According to the Retail Council of Canada, employee theft costs Canadian businesses about $1.4 billion annually. While eliminating the risk of illegal activity inside your small business is all but impossible, there are ways to make it less likely. In this article, we’ll look at three key areas where you can take steps to prevent employee embezzlement and theft from occurring.
Theft vs Embezzlement: What’s the Difference?
Employee theft and embezzlement are similar in the sense that they both involve personnel stealing company property. Embezzlement, however, refers specifically to property that you willingly entrusted to somebody in your employ.
Theft is often spontaneous. Without risk-prevention measures in place, for example, it can be all too easy for untrustworthy workers to take advantage of opportunities to:
- Pocket merchandise off your store shelves
- Steal cash from the register, or
- Misappropriate goods received from suppliers
Embezzlement, on the other hand, usually takes forethought and planning. It’s more likely to happen at the administrative or record keeping level – like when trusted bookkeepers misreport sales, income, or expense amounts and funnel funds out of your company.
3 Key Business Areas You Need to Protect
The most effective way to prevent employees stealing from your business is through the use of internal controls. Setting up fixed policies and procedures around activities where employees have access to company property – and making those rules part of your employment handbook – will mitigate financial risk.
Here are three key areas where your organization should have preventative safeguards in place.
1. Your Cash
Protect company funds by limiting the workers who handle petty cash or incoming donations and keeping cash boxes and daily receipts locked away. Avoid key-based locks in favour of digital or password-protected access codes, and change these out often.
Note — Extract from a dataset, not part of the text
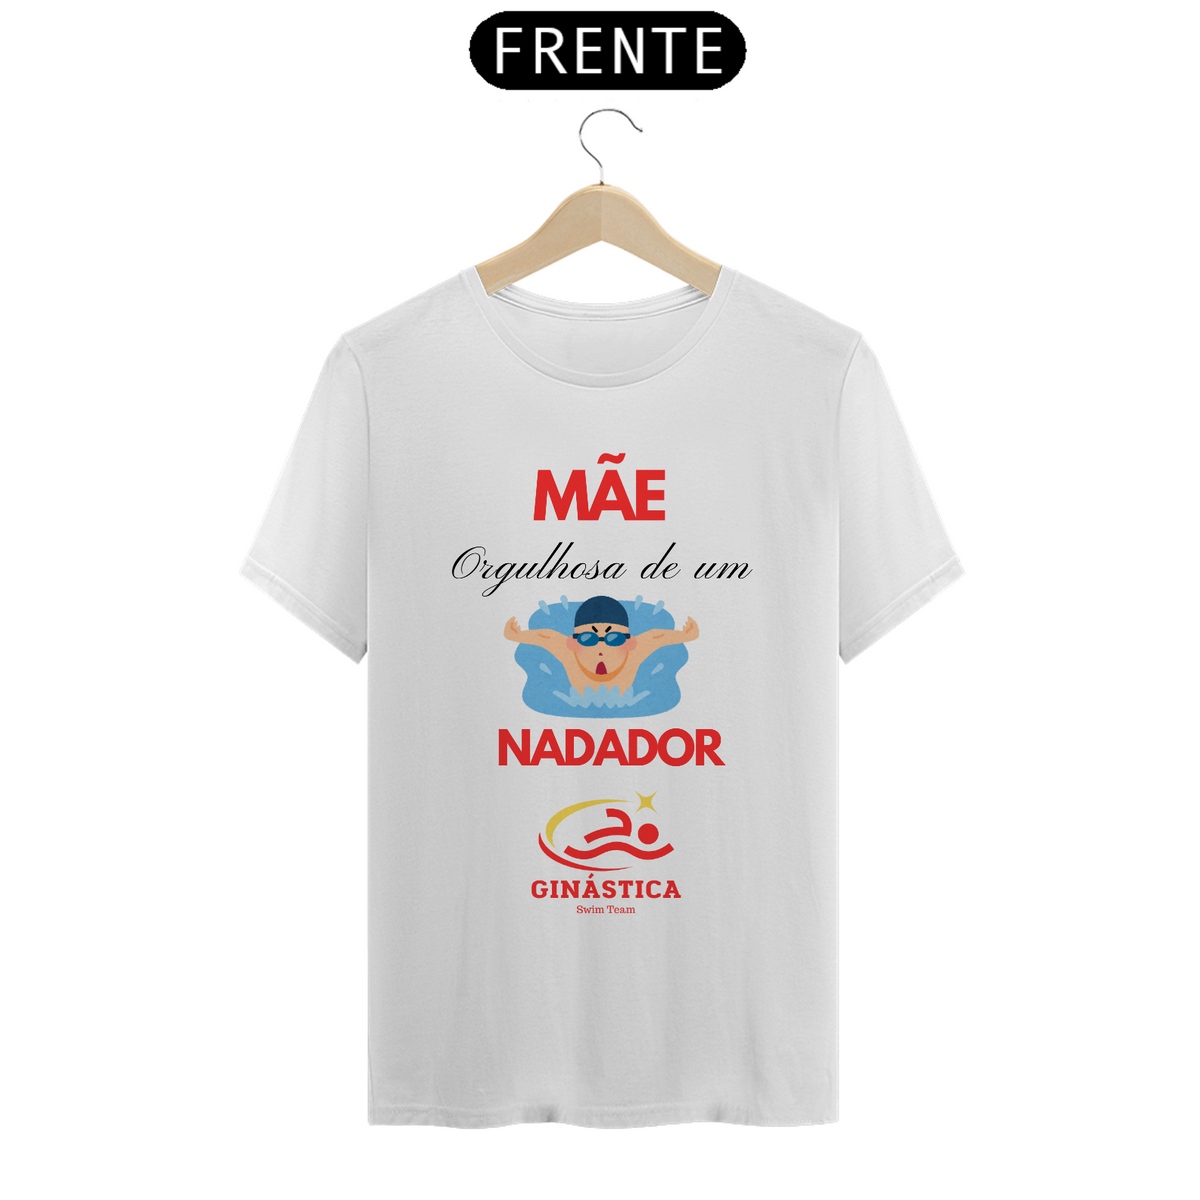 Nome do produto: Camiseta Mãe Nadador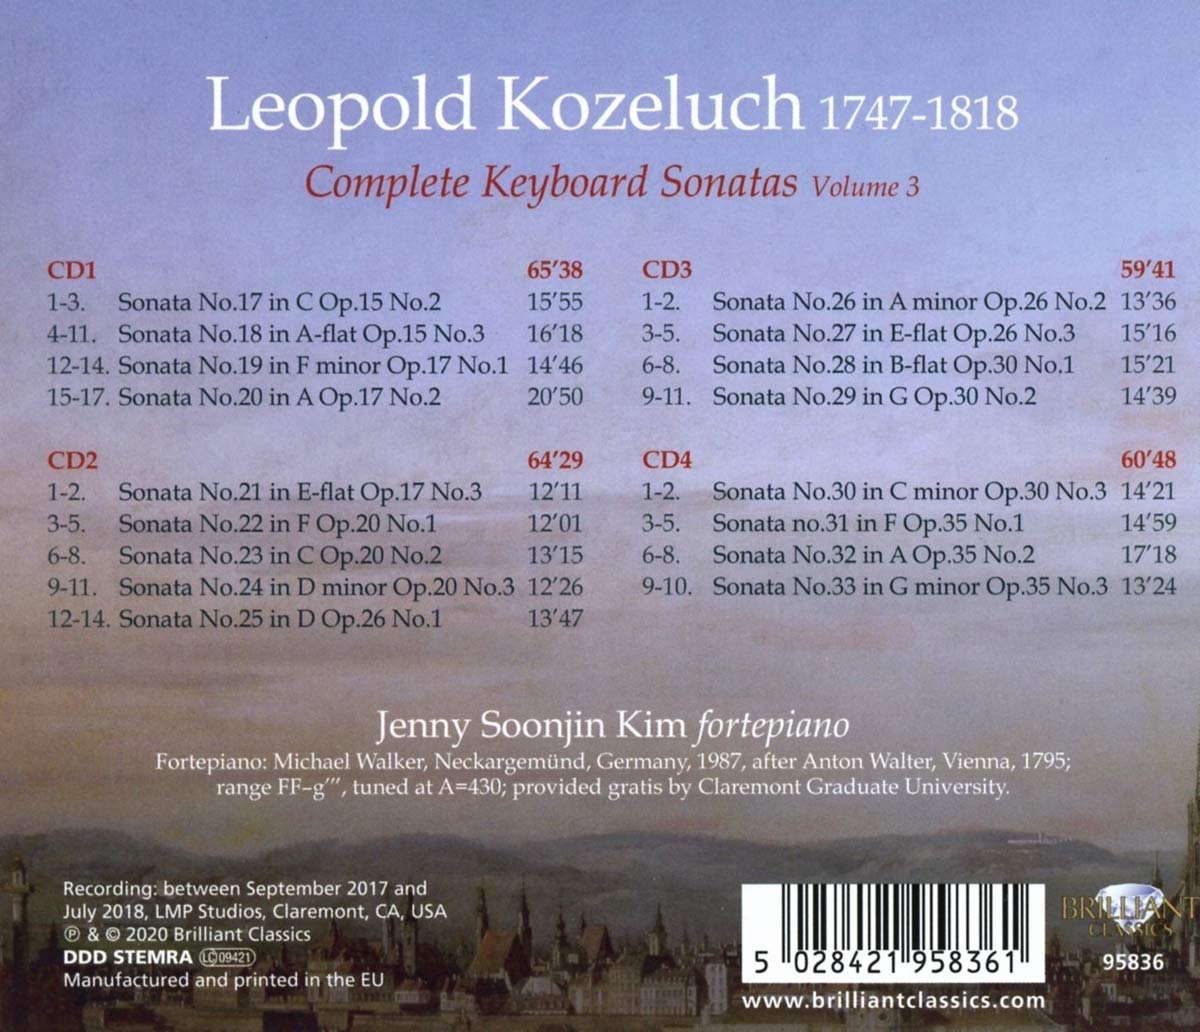 김순진 - 코젤루흐: 키보드 소나타 전곡 3집 (Kozeluch: Complete Keyboard Sonatas Vol.3)

For point-of-sale systems, make sure every employee uses a dedicated identification number so you can keep track of who’s handling which sales transactions. It’s also wise to make management overrides mandatory for large cash amounts.
2. Your Property
Best practices suggest that every business, no matter how small, can reduce financial risk by using, reviewing, and authorizing purchase orders for supplies and inventory.
You should also take steps to:
- Limit warehouse and storage access
- Establish a strict in-and-out inventory record-keeping system
- Conduct both scheduled and unscheduled inventory counts
- Install a video surveillance system anywhere your merchandise resides
Make sure you cross-check incoming deliveries against your purchase requisitions to confirm that all goods and services ordered by your business are present or accounted for.
3. Your Financial Records
Expense claim fraud is on the rise in Canada. In addition to reviewing and approving employee expense reports before you reimburse personnel, you should consider setting up a two-signature system if your company still issues paper cheques.
To further defend against dishonest administrative personnel, limit access and monitor financial accounts and data using:
- Password-encrypted files
- Electronic access logs, and
- Authorized cloud software access
It’s always a good idea to split up duties like payment processing, record keeping, and bank deposits so no one employee is responsible for a single financial workflow. Regular bank account reconciliations, and internal and external audits, are also a must.
Setting up controls that impede unlawful activity and unauthorized transactions can reduce opportunity theft and make it more difficult for employees to embezzle from your business.
If you do suspect a worker is stealing from you, make sure you seek legal advice before launching an investigation. While employee theft is one of the few grounds for termination without notice in Canada, such situations must be handled carefully to avoid repercussions for wrongful dismissal.